Task brief:
Among the lines of the material below, count those holding "with". Report the number by itself.

======== Data in this exercise

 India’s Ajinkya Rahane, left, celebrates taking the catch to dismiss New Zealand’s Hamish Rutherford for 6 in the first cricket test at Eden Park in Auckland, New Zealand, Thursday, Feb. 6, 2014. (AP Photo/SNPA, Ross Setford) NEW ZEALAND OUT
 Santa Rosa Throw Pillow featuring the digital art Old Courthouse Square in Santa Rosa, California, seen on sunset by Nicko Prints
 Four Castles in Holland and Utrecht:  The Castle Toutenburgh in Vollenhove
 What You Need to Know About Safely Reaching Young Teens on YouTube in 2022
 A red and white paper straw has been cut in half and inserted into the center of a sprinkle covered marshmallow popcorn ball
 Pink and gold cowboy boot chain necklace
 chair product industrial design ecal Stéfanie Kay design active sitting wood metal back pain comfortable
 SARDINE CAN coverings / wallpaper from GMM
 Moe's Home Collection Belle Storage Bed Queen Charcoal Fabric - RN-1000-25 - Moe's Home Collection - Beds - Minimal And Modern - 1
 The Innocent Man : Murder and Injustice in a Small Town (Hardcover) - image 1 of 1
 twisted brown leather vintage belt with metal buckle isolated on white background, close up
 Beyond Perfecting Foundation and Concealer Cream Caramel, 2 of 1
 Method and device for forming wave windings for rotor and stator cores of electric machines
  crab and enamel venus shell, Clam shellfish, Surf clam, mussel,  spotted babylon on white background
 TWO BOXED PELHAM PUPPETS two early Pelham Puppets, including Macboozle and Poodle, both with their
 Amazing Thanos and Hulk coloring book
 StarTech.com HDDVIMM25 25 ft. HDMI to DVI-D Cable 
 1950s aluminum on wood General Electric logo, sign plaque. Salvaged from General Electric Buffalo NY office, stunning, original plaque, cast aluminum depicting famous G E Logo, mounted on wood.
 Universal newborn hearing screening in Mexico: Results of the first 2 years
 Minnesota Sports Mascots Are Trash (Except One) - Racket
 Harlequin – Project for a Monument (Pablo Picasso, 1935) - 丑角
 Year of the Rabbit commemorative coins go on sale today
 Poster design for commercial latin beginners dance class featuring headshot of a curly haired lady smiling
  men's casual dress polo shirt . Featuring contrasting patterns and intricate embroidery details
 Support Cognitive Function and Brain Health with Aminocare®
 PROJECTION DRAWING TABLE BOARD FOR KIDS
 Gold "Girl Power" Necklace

================

Final answer:
3